In what it called an "alert," NASD said it wanted to ensure that graphs in ads fairly depict a fund's increase in value through accurate labeling.

The alert adds new detail to long-standing advertising regulations, said Pamela Wilson, a mutual fund lawyer with Hale & Dorr LLP of Boston.

NASD said it was issuing these guidelines on graphs as a follow-up to its censuring and fining Kemper Distributors of Boston $100,000 on May 11 for running inaccurate mutual fund advertisements and for violating other NASD advertising-related rules. (MFMN 5/17/00)

Kemper published eight ads for the Kemper-Dreman High Return Equity Fund inaccurately depicting the value of a $10,000 investment in the fund with graphs that had unequal distances between plot points, said NASD. As a result, the graphs made it appear that the fund had reached $29,000 in value at one point when the fund, in fact, would have only been worth $22,000, according to the NASD.

NASD's alert directs members and fund companies to clearly label and accurately plot points along graph axes. NASD also wants fund performance charts to use a scale which does not mislead investors.

"Members must ensure that the starting point of a graph fairly reflects the performance of the product without exaggeration," the alert said. "In certain bar graphs that compare performance data, members have used a baseline that is higher than zero [which] . . . may exaggerate the differences between the performance data illustrated."
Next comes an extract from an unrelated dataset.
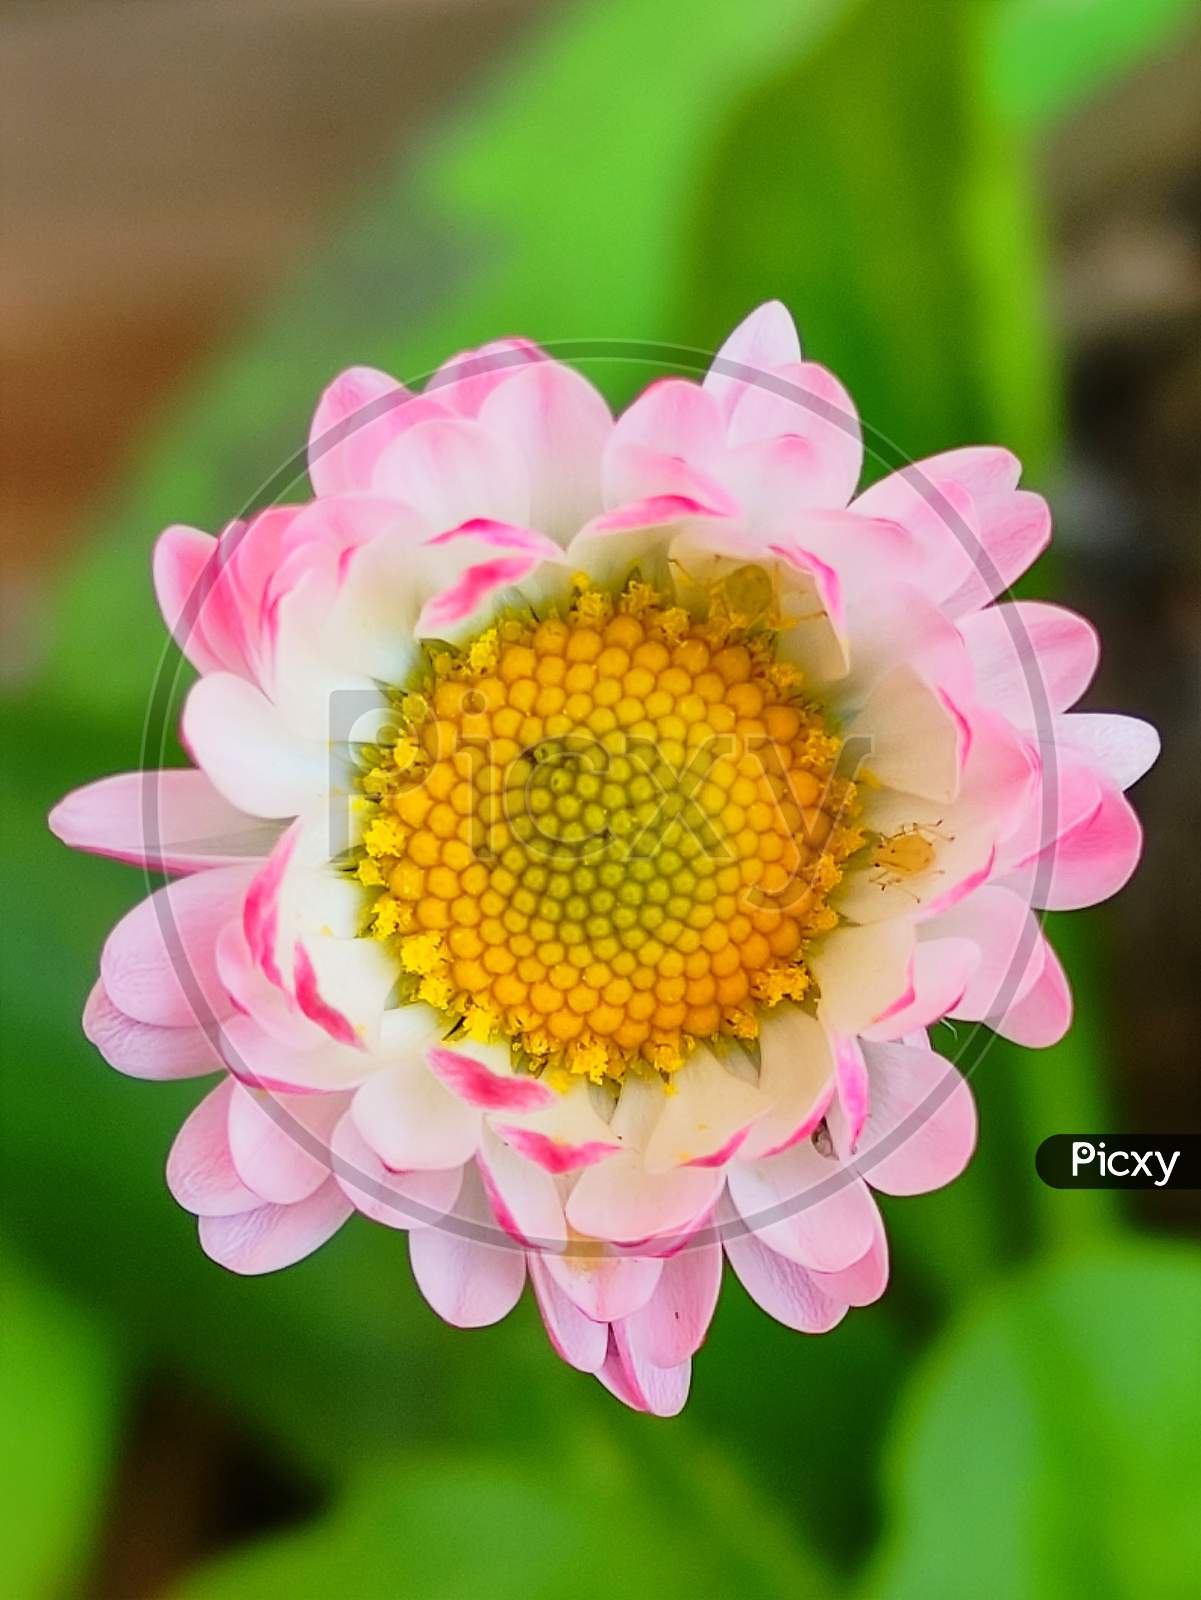 A cute pink flower.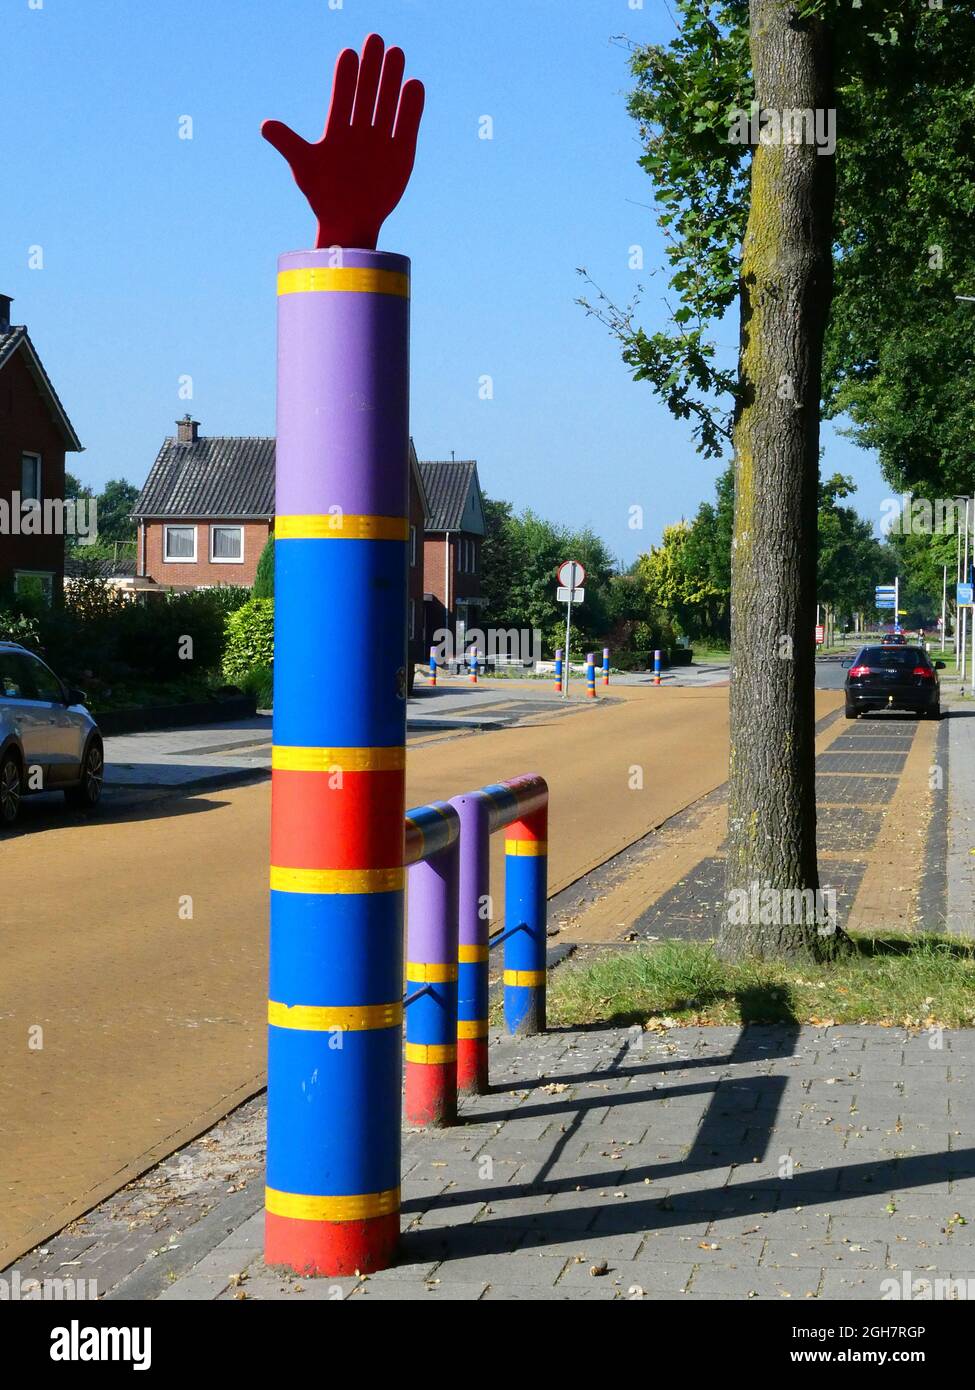 Geesteren, Paesi Bassi - 5 settembre 2021. Una mano di arresto sollevata su un palo colorato per avvertire il traffico. C'è una scuola nelle vicinanze. Foto Stock

NASD said it is difficult to dictate what scale a fund company or broker should use. Therefore, the association asked firms to "exercise care in choosing the appropriate scale for presentations of performance information."

The NASD also reminded members of its requirements that firms compare their fund's performances against appropriate indexes.

Many bonus credit variable annuities impose higher mortality and expense charges or longer surrender charge periods than regular annuities, NASD said. Therefore, the NASD alert urged fund companies, insurers and brokers who "prominently promote the bonus credit [to] also prominently explain that fees and expenses may be higher, and the surrender periods may be longer."

Any hypothetical illustrations showing the growth of a bonus contract must also include the impact of the fees and surrender period, the NASD said. They also must not "unduly raise investor expectations as to the variable annuity's future value," the NASD said.

NASD warned that "the department will continue to scrutinize bonus product sales material and require revisions to any material that does not present information about the product in a fair and balanced manner, or that contains illustrations that appear to predict or project the future value of the contract."

Finally, the NASD reminded members to be careful when selecting a share class of a fund with several classes for an investor.

"Although the purchase of certain fund classes may allow an investor to avoid paying a front-end sales load, the cost imposed by a class's higher expenses may outweigh this benefit, particularly with respect to large dollar purchases" and for investors seeking a long-term investment, the NASD said.

"To determine which class may be the most suitable for investors, members should know the advantages and disadvantages of different mutual fund classes," the NASD said. "Registered representatives should ask the investor what are his or her investment goals and objectives, including the investor's time horizon."